How the rejection caused by complement-fixing antibodies differs from complement non-fixing?
C1q binding DSA and Complement binding IgG3 are closely associated with acute AMR, more severe graft injuries, and early graft failure.
C1q nonbinding and non-complement binding IgG4 DSA correlate with subclinical or chronic AMR and late graft loss. The non-complement binding IgG4 DSA are more correlated transplant glomerulopathy.
Zhang R. Donor-Specific Antibodies in Kidney Transplant Recipients. Clin J Am Soc Nephrol. 2018;13(1):182-192. doi:10.2215/CJN.00700117
Yes, gives less severe and looks like a chronic form of graft damage
C1q binding indicates the clinical relevance of de novo DSA. Complement non fixing DSA can cause long term graft loss independent of complement activation by inducing persistent microvascular inflammation and antibody dependent cell cytotoxicity, or by direct activation of endothelial cell survival and proliferation.
This is in contrast to complement fixing DSA which cause graft loss by activating the complement cascade in Vito , before membrane attack complex formation and leading to subsequent lysis of renal endothelial cells, resulting in graft loss.
Complement non-fixing DSA target HLA II on endothelial cells. Natural killer cells, macrophages and neutrophils are recruited by these DSA through Fc receptors, resulting in antibody dependent cell toxicity. Complement non-fixing DSA also directly stimulate tissue injury, cell recruitment and endothelial proliferation. These 2 mechanisms play a role in
Reference :
This is excellent, Nandita
Short, sweet and without jargon.
What is the mechanism of the damage induced by complement non-fixing DSA?Complement nonbinding DSAs target the class 2 HLA on endothelial cells and recruit innate immune cells (NK cells, macrophages, and neutrophils) through Fc receptors and lead to antibody-dependent cellular toxicity.
• In addition, complement nonbinding DSAs have direct stimulation effects that cause tissue injury, cellular recruitment, and endothelial proliferation.
• The latter two mechanisms play an important role in acute AMR with negative C4d deposit in peritubular capillaries as well as cAMR, transplant glomerulopathy, vasculopathy and possible immunological damage caused by APC, antigen-presenting cells; NK, natural killer cells.
References:
1-Applied Transplant Immunology; Case-based Discussion (Part 2) By professor : Ahmed Halawa.

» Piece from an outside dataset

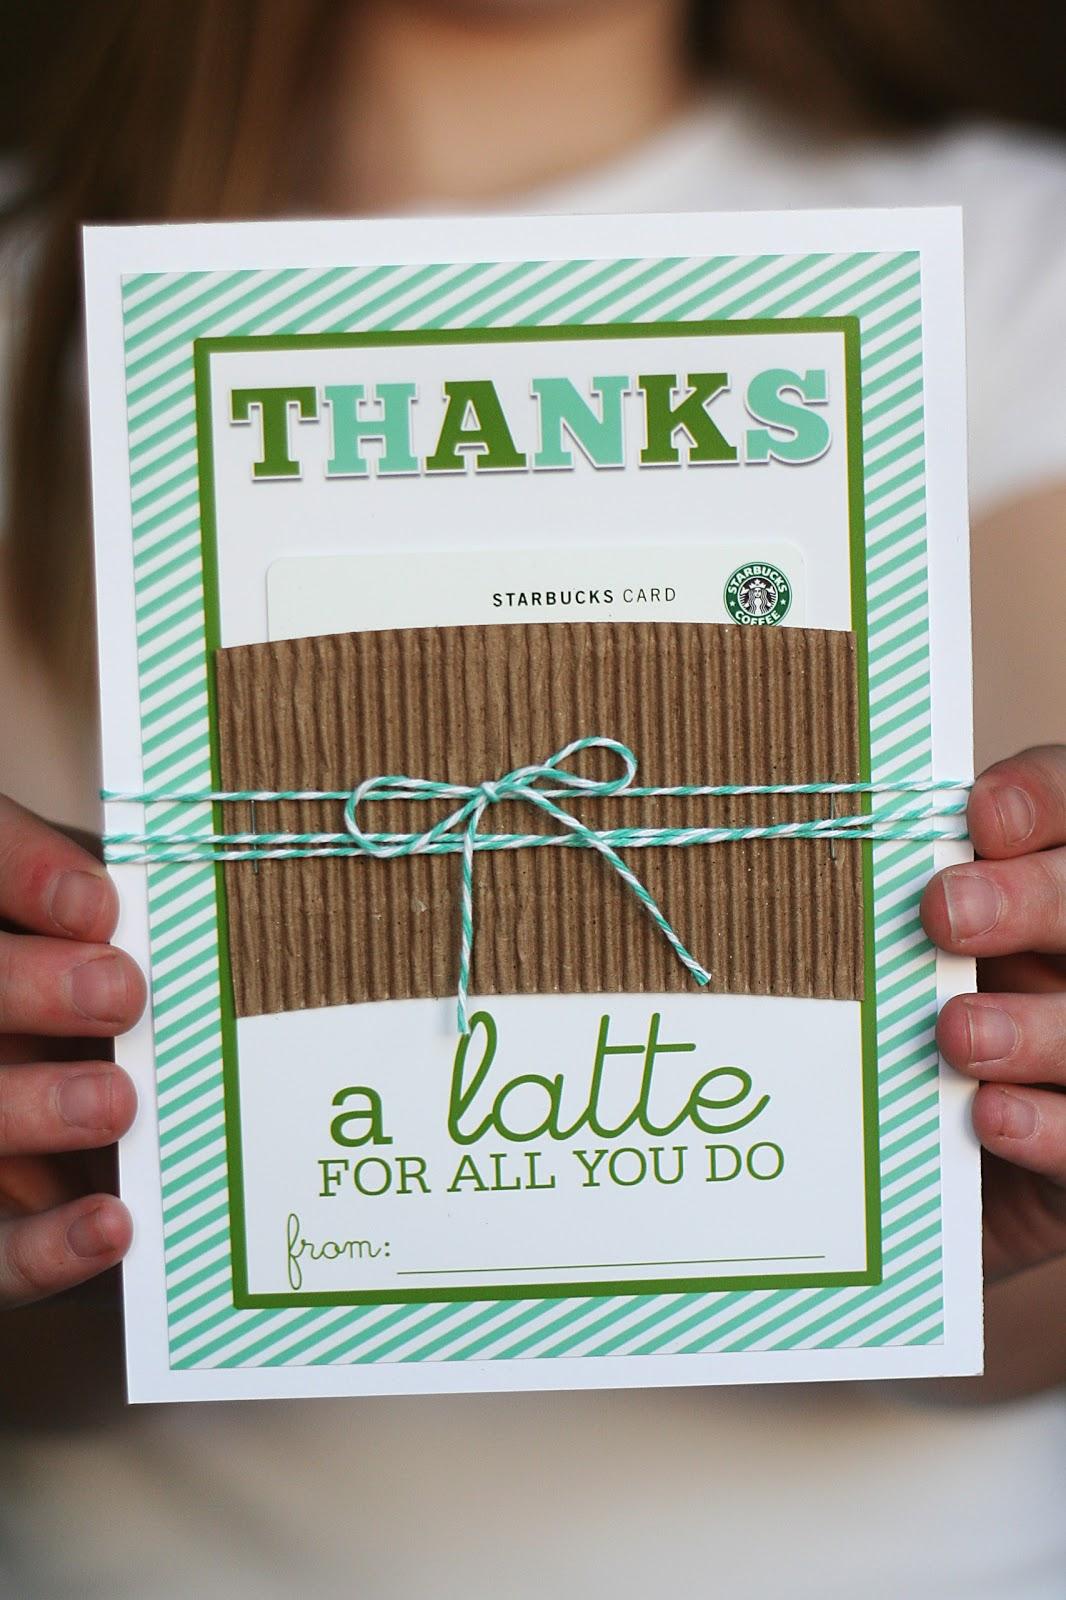 Thanks a latte for all you do | Teacher Appreciation Week Gift Ideas

Yes, less severe and late form of graft damage
What is the mechanism of the damage induced by complement non-fixing DSA?
# The presence of DSA, either preformed or de novo is biomarker for predicting poor transplant outcomes, including high incidence of ABMR.

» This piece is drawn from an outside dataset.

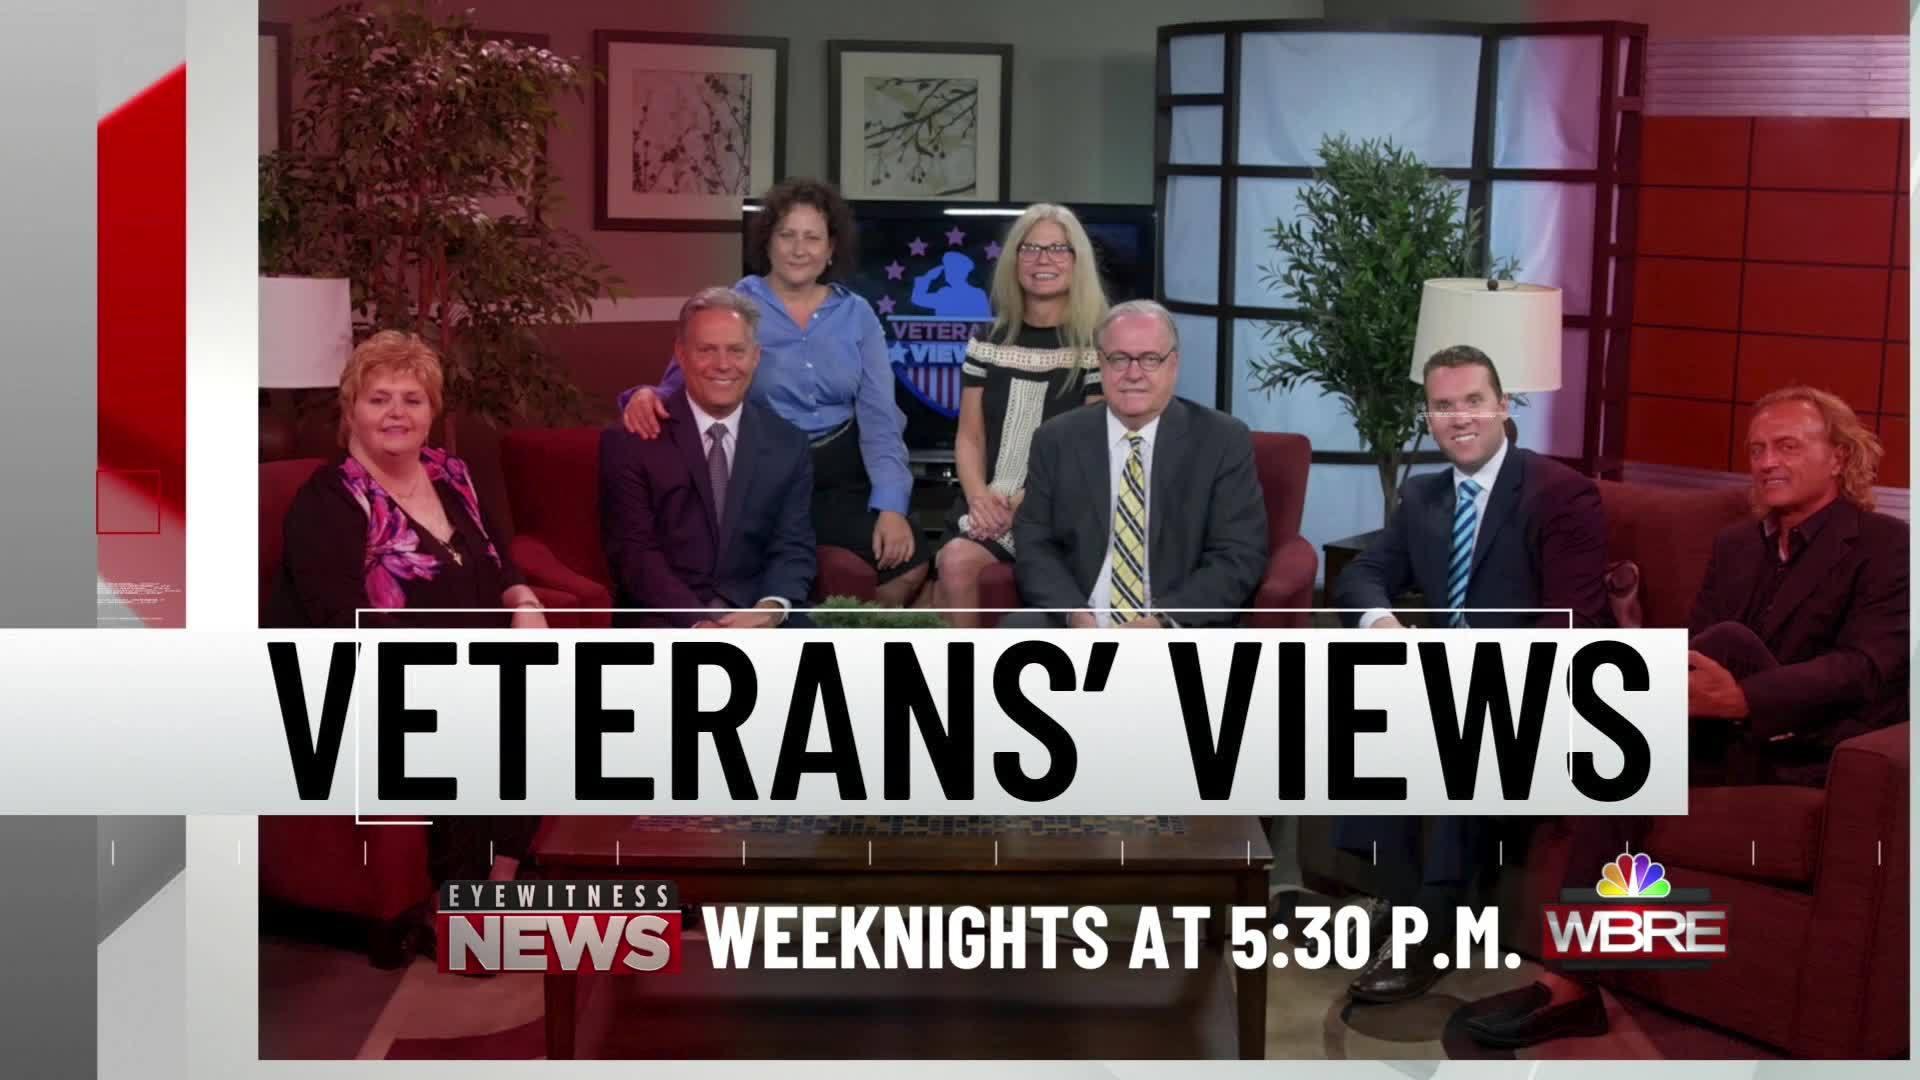 Veterans_Views_Promo_5_20190311170212

*The risk factors for de novo DSA include the following:
(1) high HLA mismatches (especially DQmismatches) (2) inadequate immunosuppression and nonadherence
(3) graft inflammation, such as viral infection, cellular rejection, or ischemia injury, which can increase graft immunogenicity
* De novo DSAs are predominantly directed to donor HLA class 2 mismatches and usually occur during the first year of kidney transplant, but they can appear anytime
** DSA can cause graft injury through 2mechanism:
# Complement fixing antibody cause graft damage through:
binding of DSA to antigen expressed on allograft endothelial cells can activate classic complement pathway, a key pathologic process of acute antibody mediated rejection phenotypes
# Non complement fixing antibody can cause graft damage through:
* Antibody dependent cellular cytotoxicity, in which innate immune cells including neutrophils, macrophages, and natural killer cells, bind to Fc fragments of DSAs, trigger degranulation and release lytic enzymes, which cause tissue injury and cell death. This process can mediate damages to the endothelial cells and is proposed as an important pathogenesis in subclinical and chronic antibody mediated rejection phenotypes
* DSAs can cause graft injury by direct activation of endothelial proliferation through increasing vascular endothelial growth factor production, upregulating fibroblast growth factor receptor, and increasing its ligand binding as well as other signaling pathways for cellular recruitment
This pathogenesis may contribute to transplant glomerulopathy and vasculopathy that feature vascular intima thickness with smooth muscle cell invasion.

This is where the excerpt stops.